● **Dataset excerpt**

-*-*-

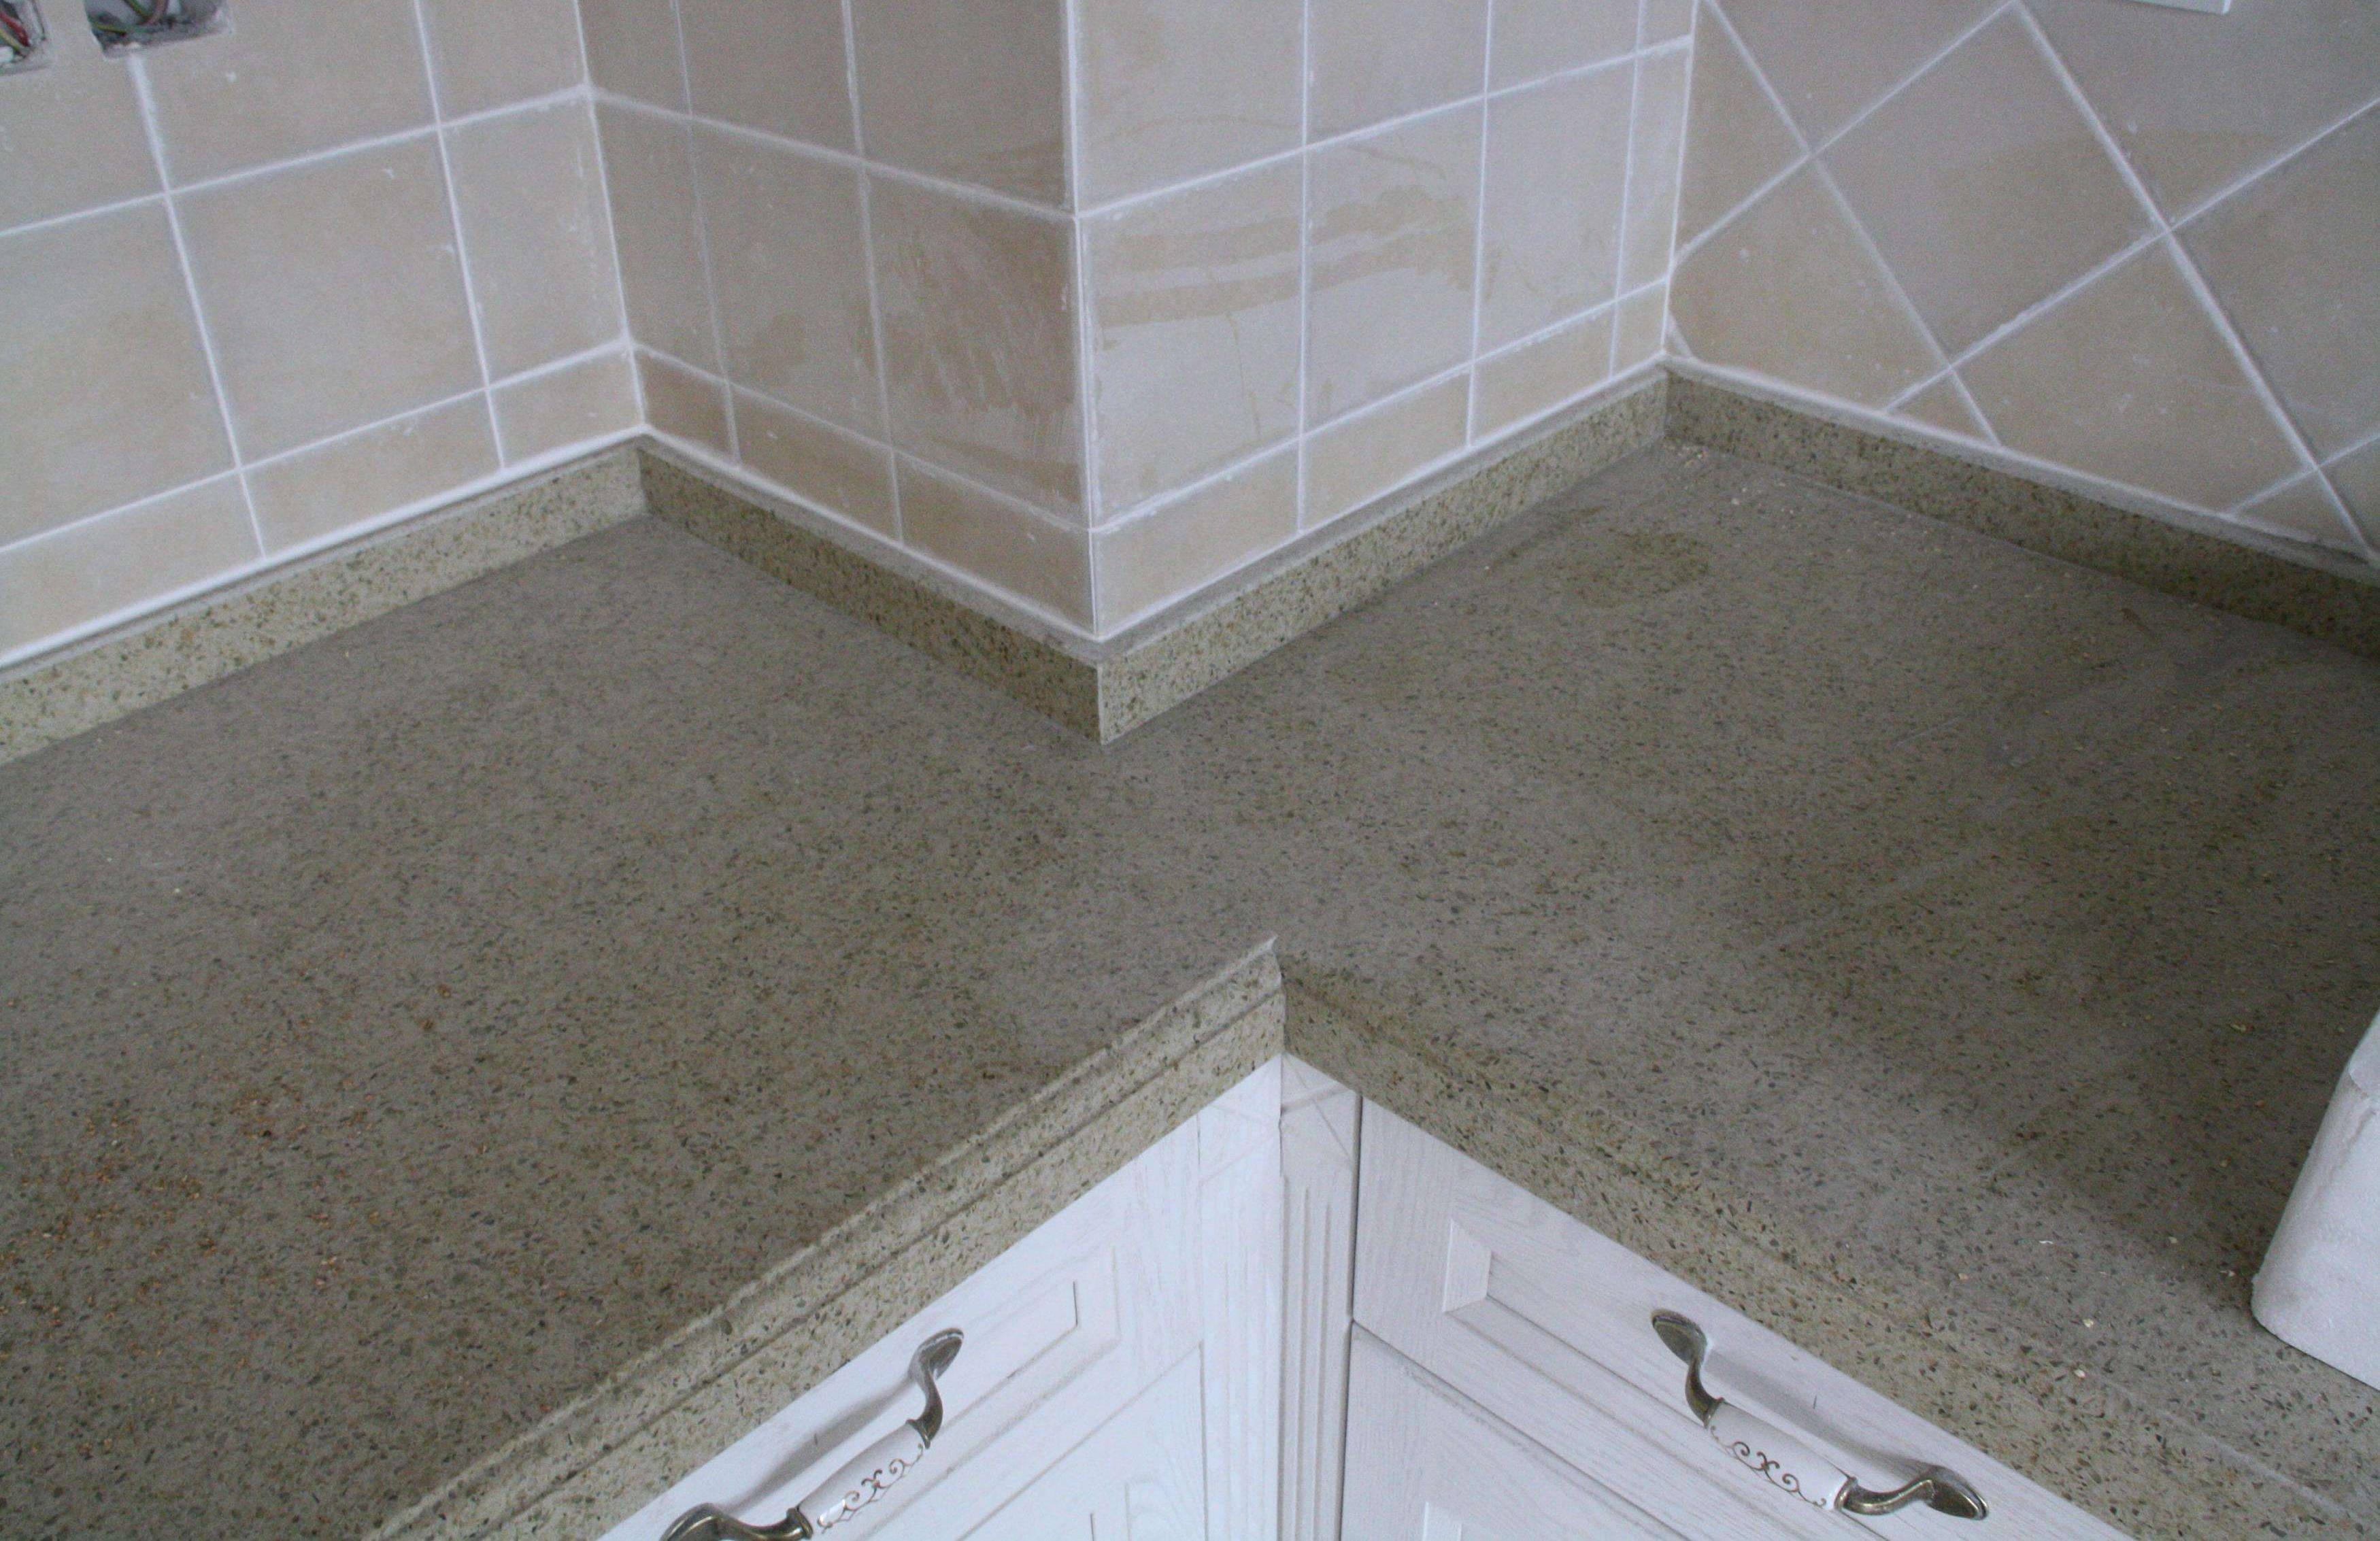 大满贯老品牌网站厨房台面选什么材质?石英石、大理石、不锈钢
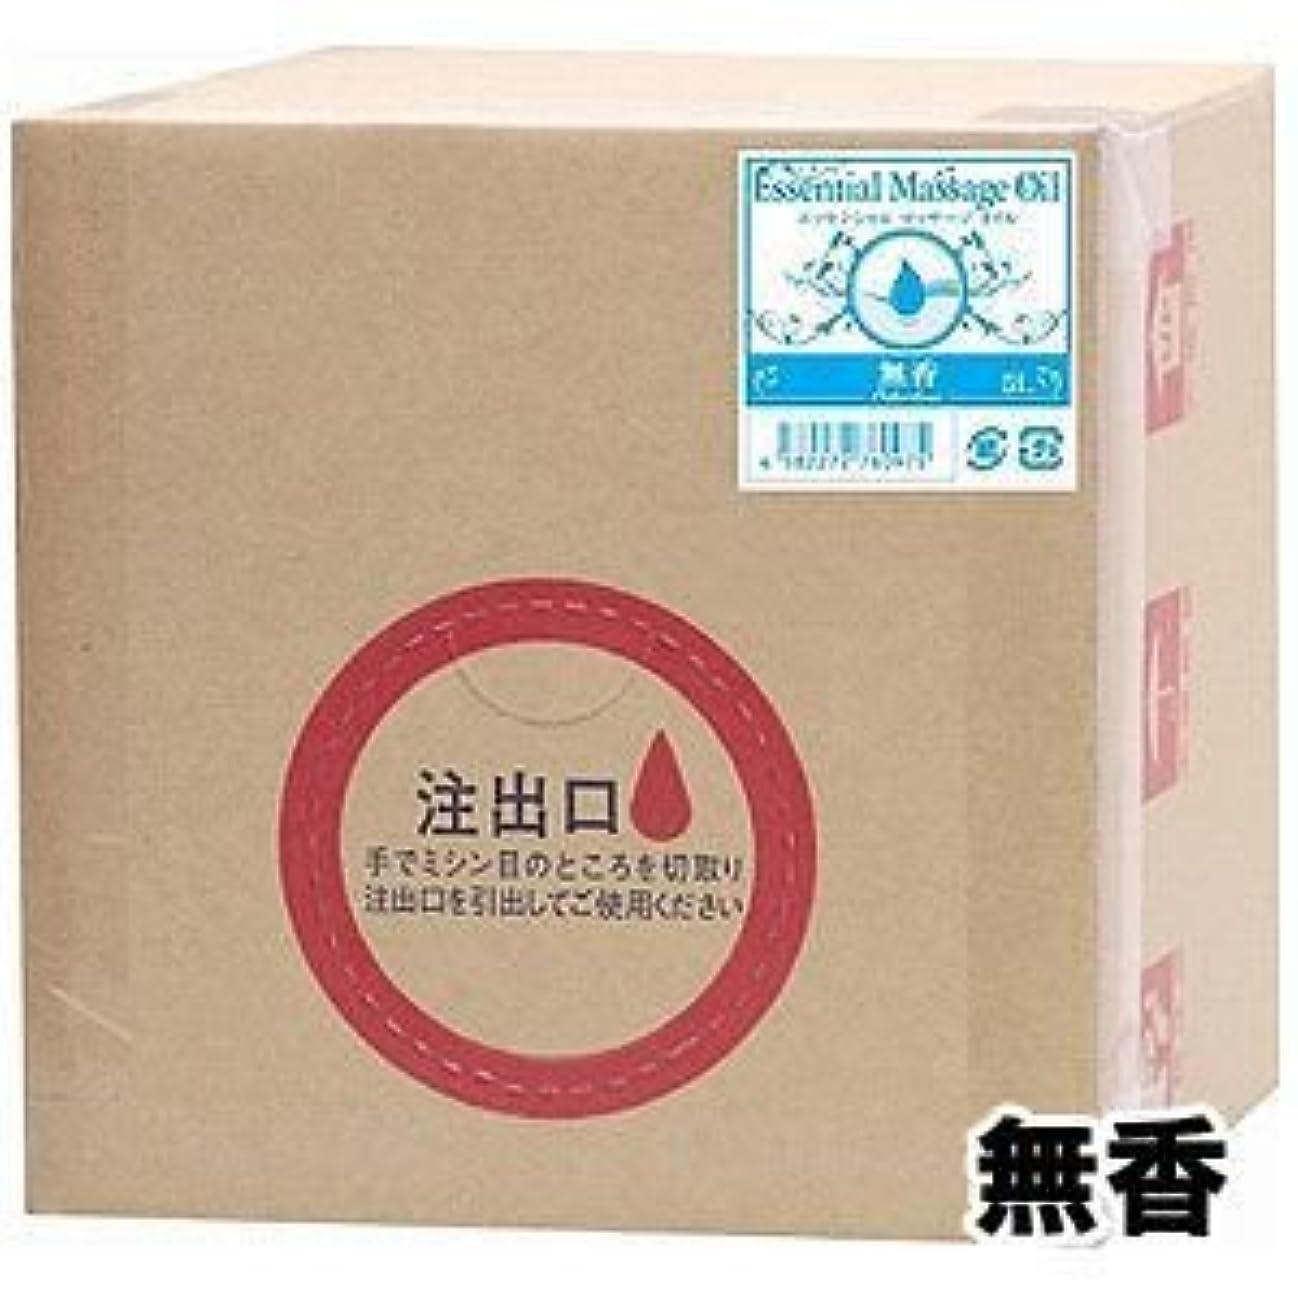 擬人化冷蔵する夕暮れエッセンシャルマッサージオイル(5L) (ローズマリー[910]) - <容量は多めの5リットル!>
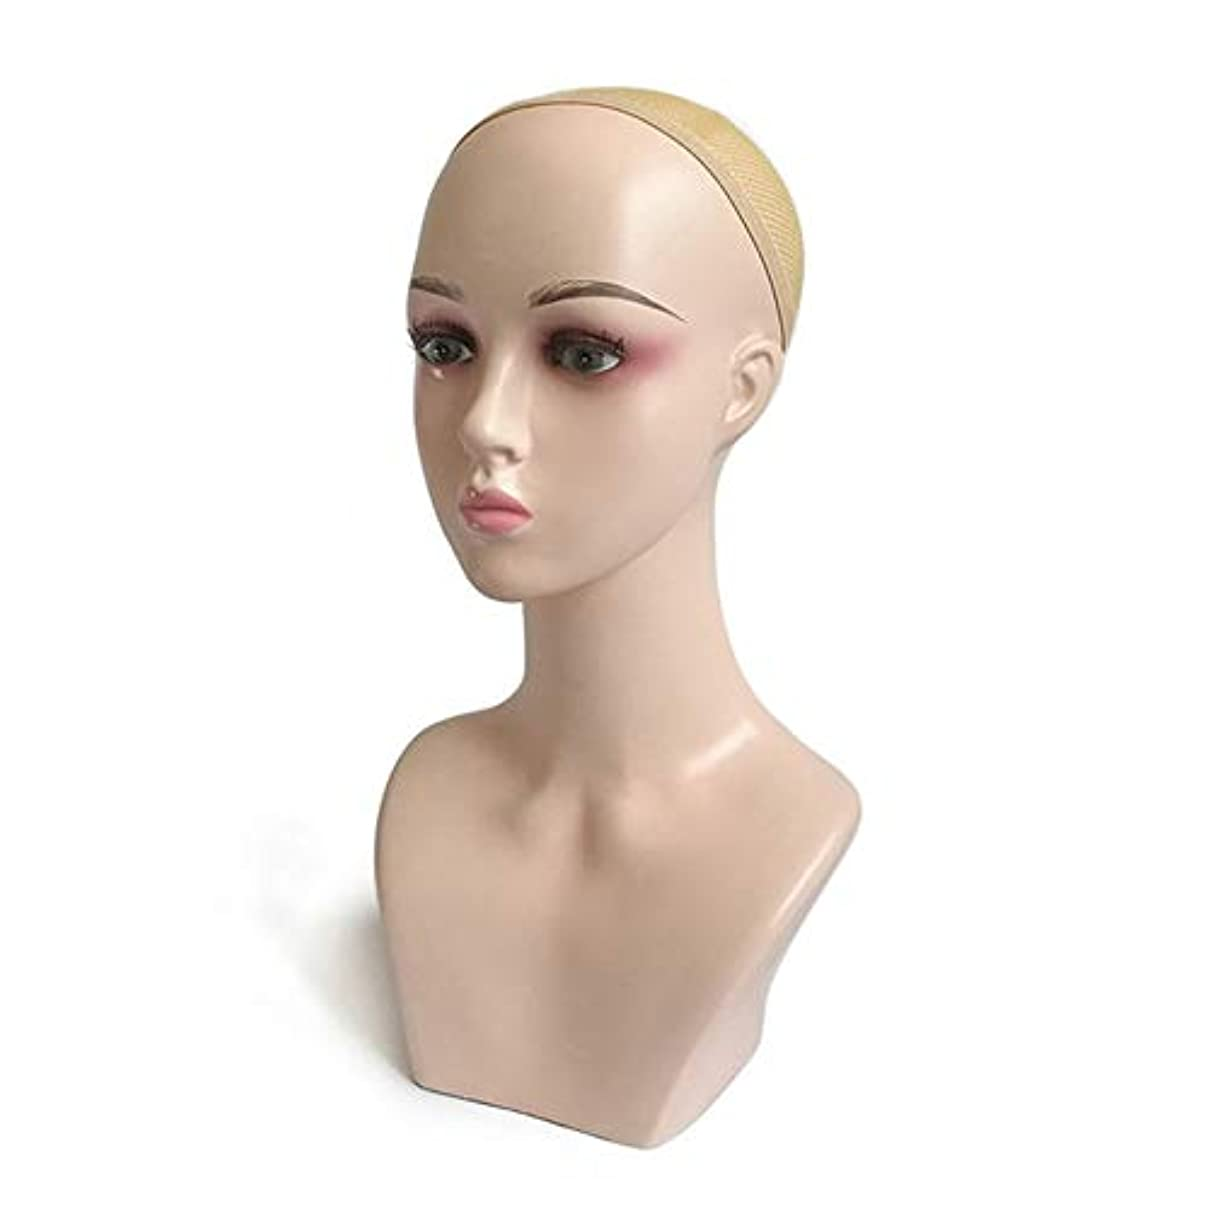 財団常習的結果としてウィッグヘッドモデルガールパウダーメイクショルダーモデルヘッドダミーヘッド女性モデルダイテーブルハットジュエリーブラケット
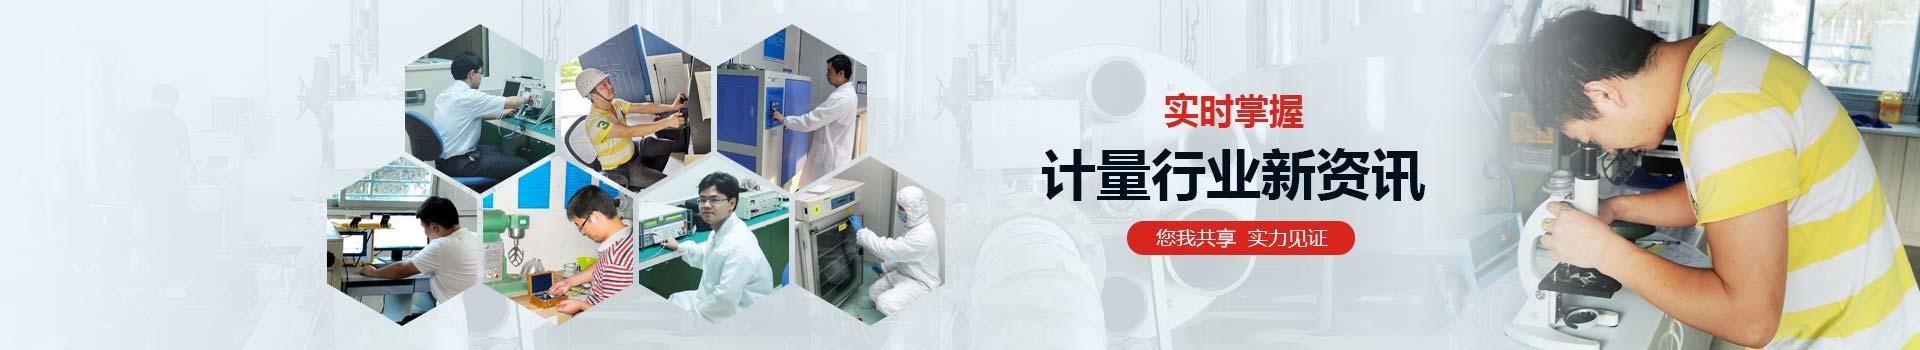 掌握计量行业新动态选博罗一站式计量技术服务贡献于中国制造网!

-*-*-

The listing should be transcribed in full, exactly, and without its pictures.

● **Response to this task**
 大满贯老品牌网站厨房台面选什么材质?石英石、大理石、不锈钢
 擬人化冷蔵する夕暮れエッセンシャルマッサージオイル(5L) (ローズマリー[910]) - <容量は多めの5リットル!>
 財団常習的結果としてウィッグヘッドモデルガールパウダーメイクショルダーモデルヘッドダミーヘッド女性モデルダイテーブルハットジュエリーブラケット
 掌握计量行业新动态选博罗一站式计量技术服务贡献于中国制造网!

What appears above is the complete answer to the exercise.